This is from the CalgaryHerald.
Actually in this case Harper makes good economic sense. In fact as I recall Ed Stelmach wanted to ban the export of bitumen period. The reason is that it makes much more economic sense for the province to have value added production by processing the bitumen in Alberta than exporting it to other countries such as the US which then gains the profits from the value added production. However, the US is already a big importer of bitumen and will import even more in the future as facilities are expanded there so Harper takes the politically astute way out of excluding the US from the ban because the US has as good pollution controls as we do. There might be difficulties under NAFTA if Harper were to ban bitumen exports to the US. For this once at least Harper makes good sense both in terms of political astuteness and economic knowledge. I can't say the same for the Calgary Herald.
Harper bitumen plan an economic puzzler
Deborah Yedlin, Calgary HeraldPublished: Saturday, October 04, 2008
For a guy who says he is an economist, Conservative Leader Stephen Harper seems to be lacking understanding in some very basic economic principles.

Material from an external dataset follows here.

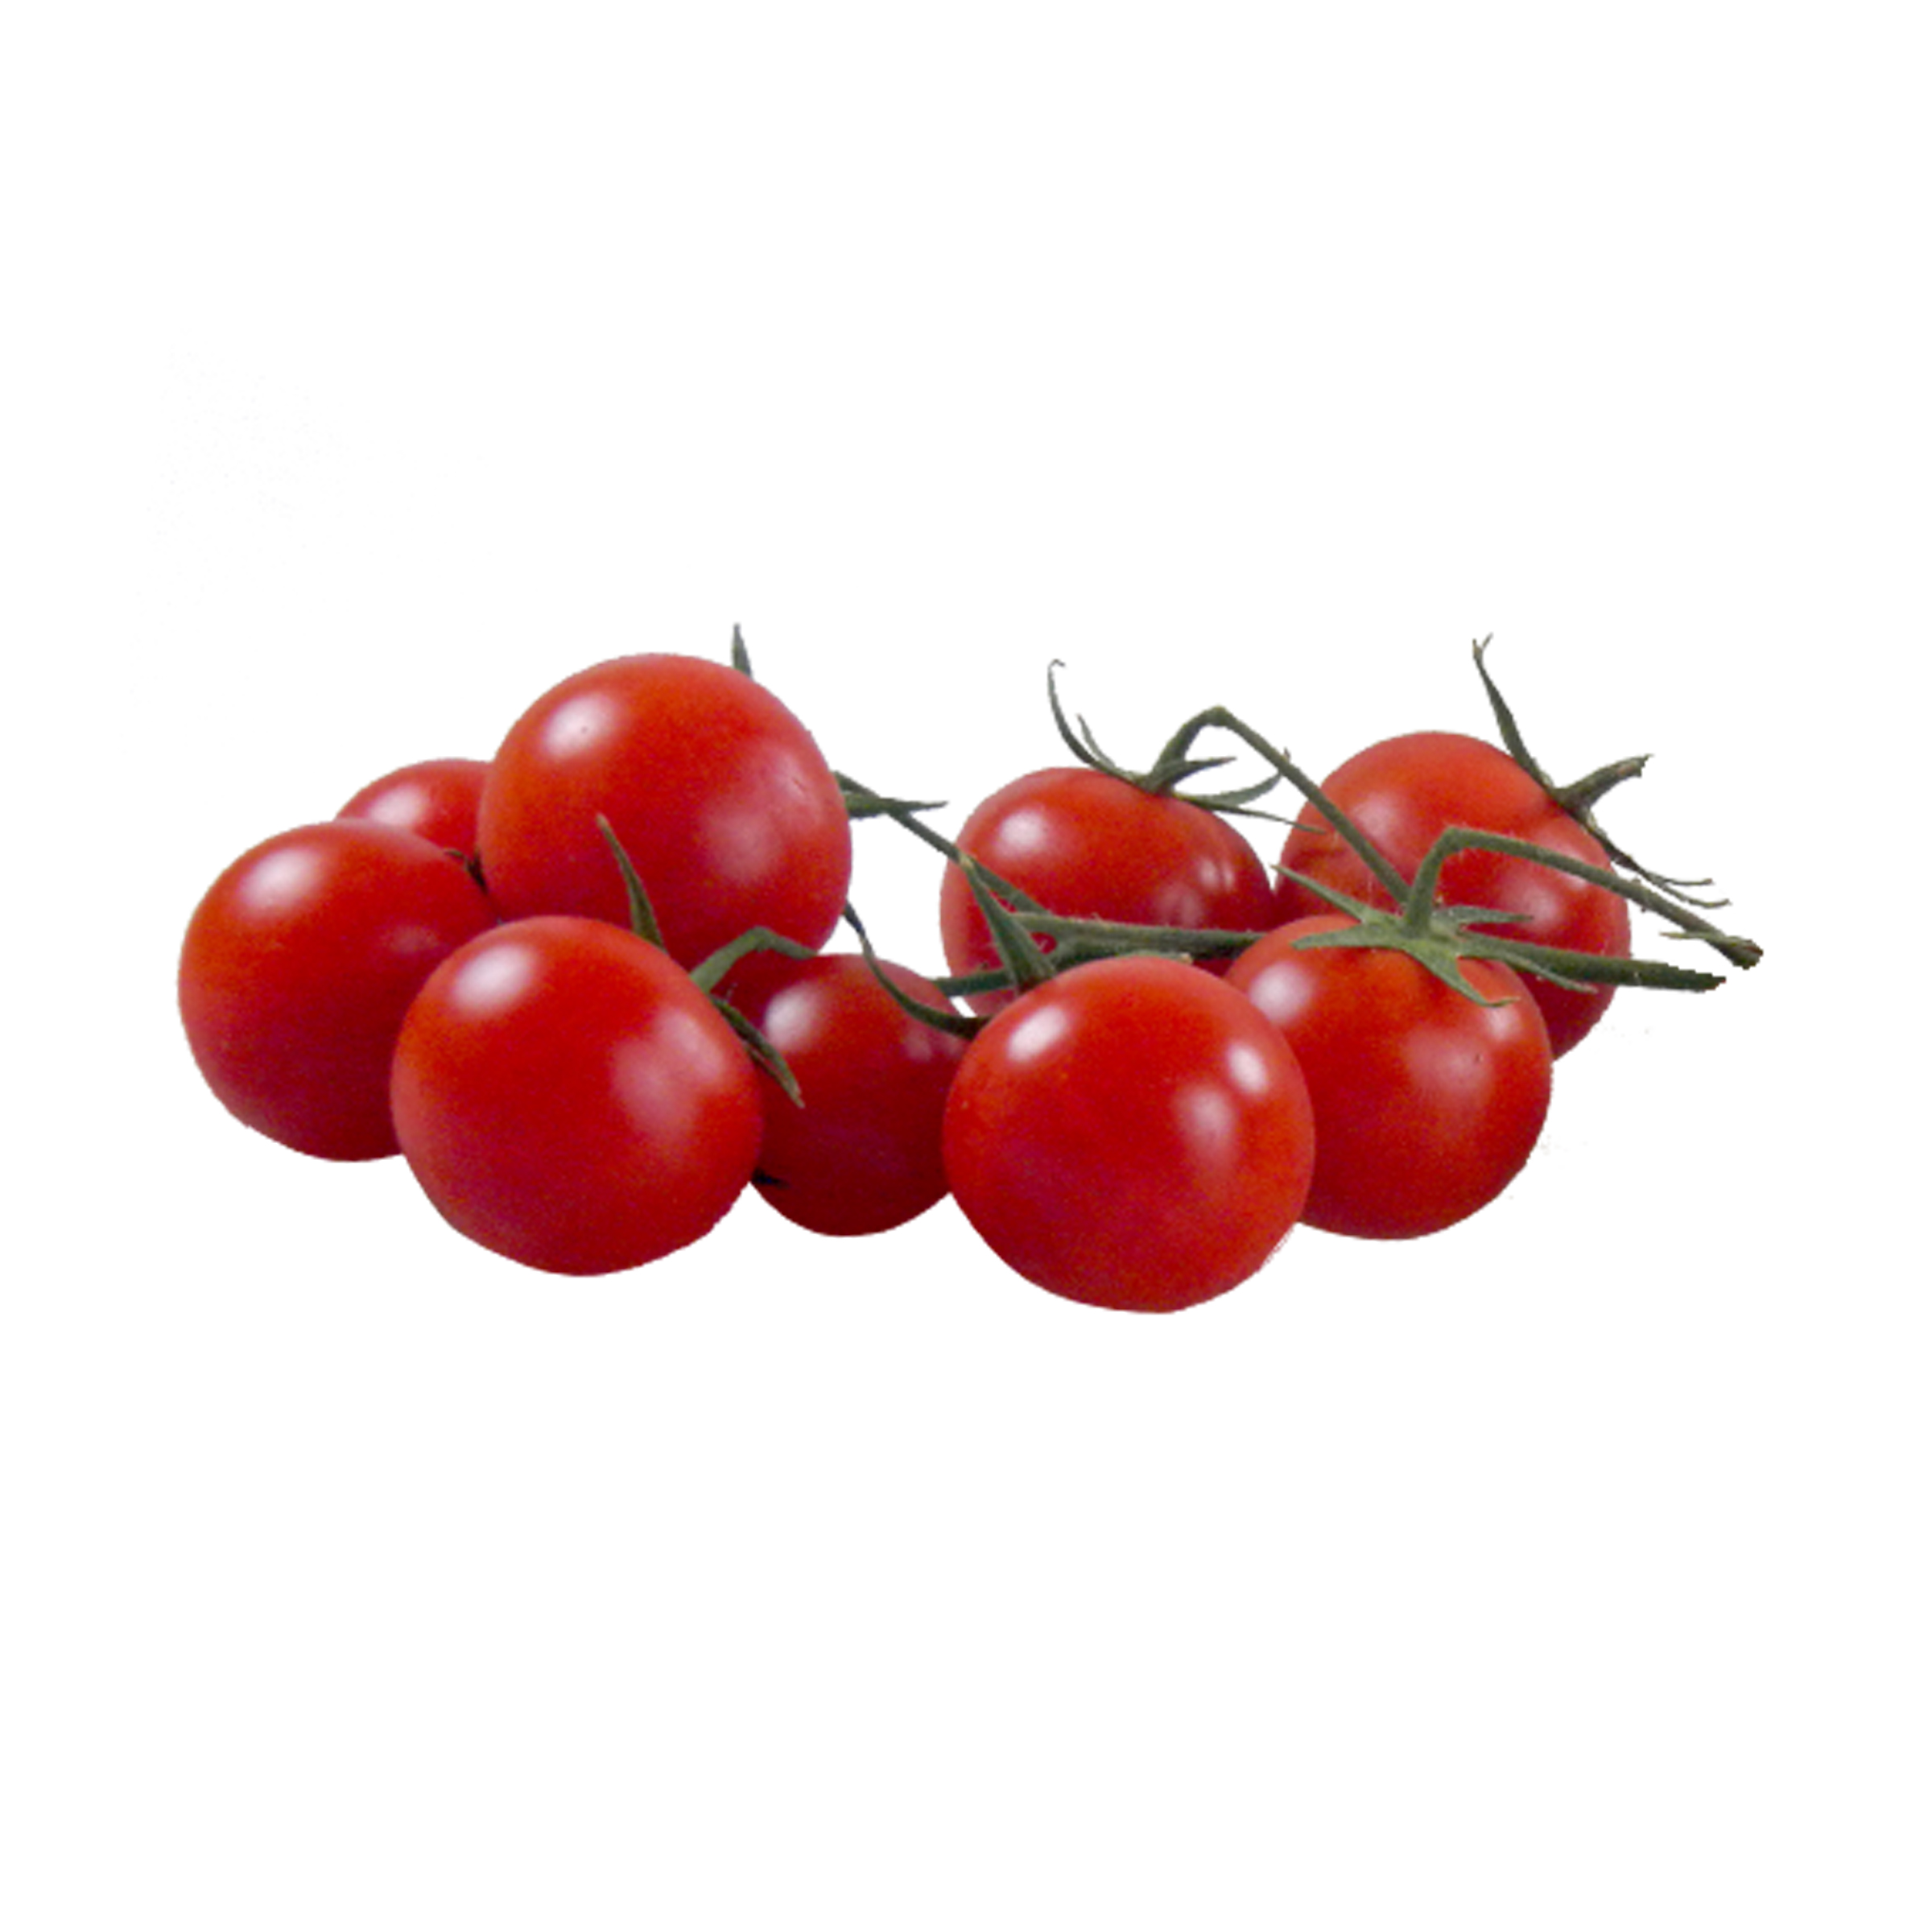 & Gemüse | Cherry-Strauchtomaten Obst | & Lebe Tomaten Pilze Versand | Gesund | Gemüse

Take supply and demand as one example.
Many people understand the connection between the two variables: If supply is greater than demand, prices fall. Conversely, when demand exceeds supply, prices rise to what the market will bear while also taking into account the possibility of product substitution.
Conservative Leader Stephen Harper's bitumen pledge surprised the oilpatch.
If Harper truly has a grasp on this concept, why is it that he is prepared to restrict bitumen exports to countries that are not mindful of their greenhouse gas emissions?
Doesn't this statement fly in the face of his promotion of Canada on the world stage as an energy superpower? Much good the 173 billion barrels will do if Alberta has but one export option -- the United States. Applying the rules of supply and demand in this context results in a solution that points in the direction of a cap being put on bitumen prices.